Book Review: Keep the Aspidistra Flying

‘This life we live nowadays. It’s not life, it’s stagnation…’

Long term readers of this blog will know that I’m no stranger to misery. To quote Weezer, all my favourite songs are slow and sad. The dark side of life holds nothing but comfort to me. And yet… with George Orwell’s lesser known novel Keep the Aspidistra Flying, I have finally encountered something that is too miserable even for me – the Ebenezer Scrooge of pop culture writers…
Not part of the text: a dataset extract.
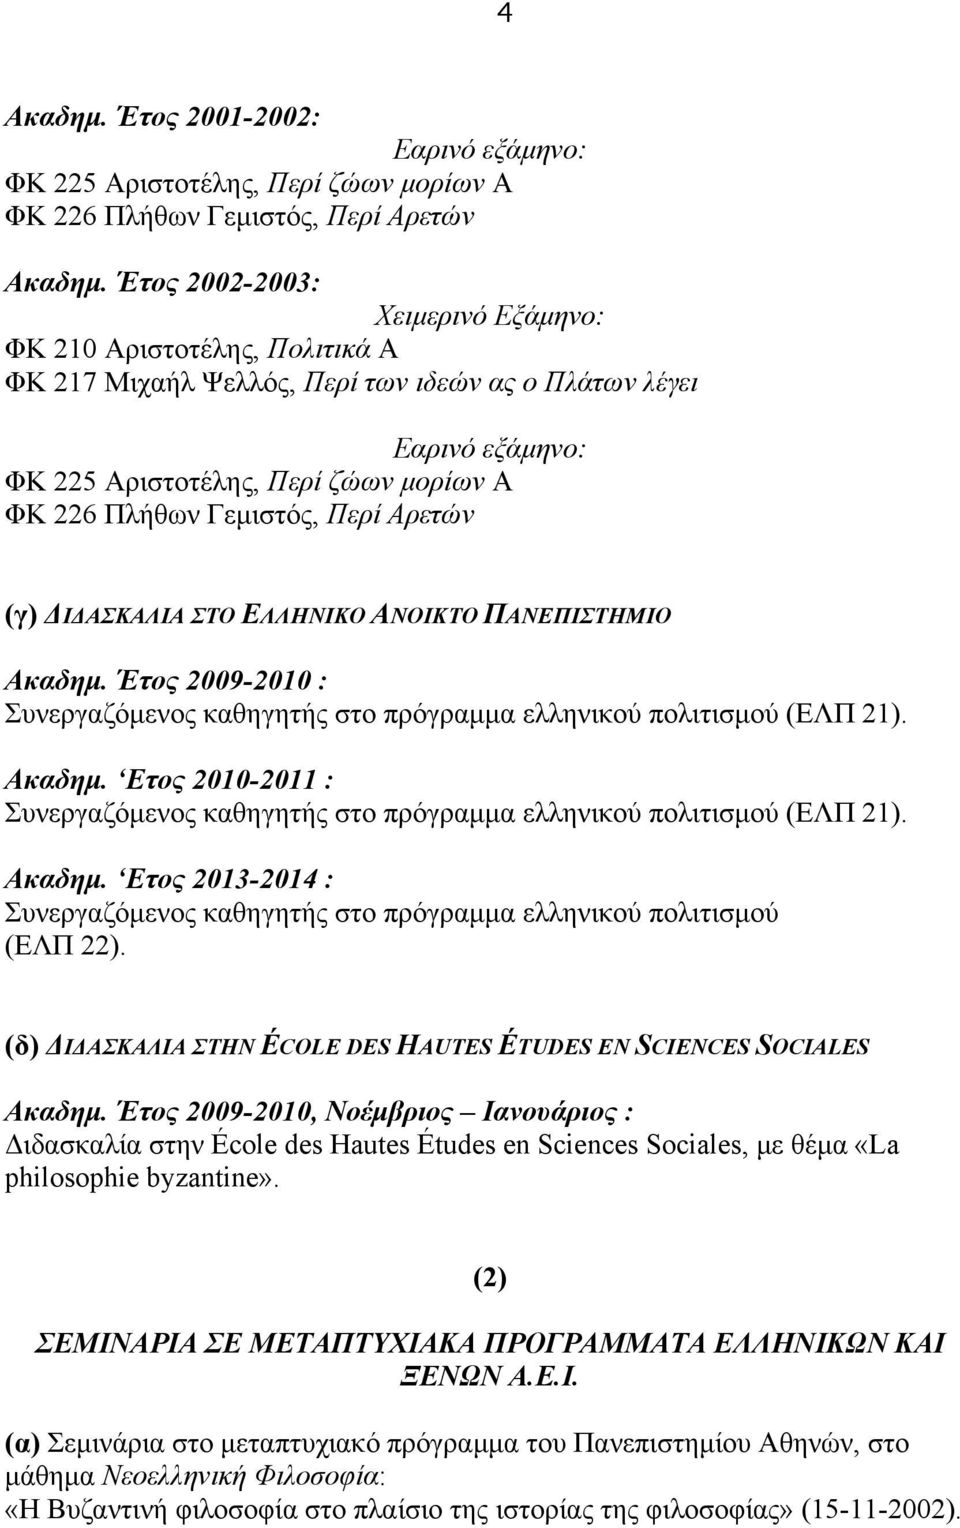 Περί Αρετών (γ) ΔΙΔΑΣΚΑΛΙΑ ΣΤΟ ΕΛΛΗΝΙΚΟ ΑΝΟΙΚΤΟ ΠΑΝΕΠΙΣΤΗΜΙΟ Ακαδηµ. Έτος 2009-2010 : Συνεργαζόµενος καθηγητής στο πρόγραµµα ελληνικού πολιτισµού (ΕΛΠ 21). Ακαδηµ. Ετος 2010-2011 : Συνεργαζόµενος καθηγητής στο πρόγραµµα ελληνικού πολιτισµού (ΕΛΠ 21).

Gordon Comstock is obsessed with money. The great tragedy is that he doesn’t have any. After making a vow never to succumb to the ‘money-god’, he instead resigns himself to a life of poverty and torment. He can’t afford to smoke. He can’t afford to drink. He can’t afford to take his woman to the countryside… what he can afford to do is to complain about how poor he is. And he does. At great length.

With Keep the Aspidistra Flying, Orwell has created a protagonist more depressing than anything dreamt up by Jean Rhys or Sylvia Plath. Sure, the sheer extent of Comstock’s misery does eventually become amusing, but it’s so relentless that a full novel of it is difficult to stomach. Even for a man who owns every Bright Eyes album. That being said, Orwell’s razor sharp prose is always enjoyable, and despite the fact this is one of his less renowned novels, I enjoyed it. Or at least I endured it. Both? Maybe both.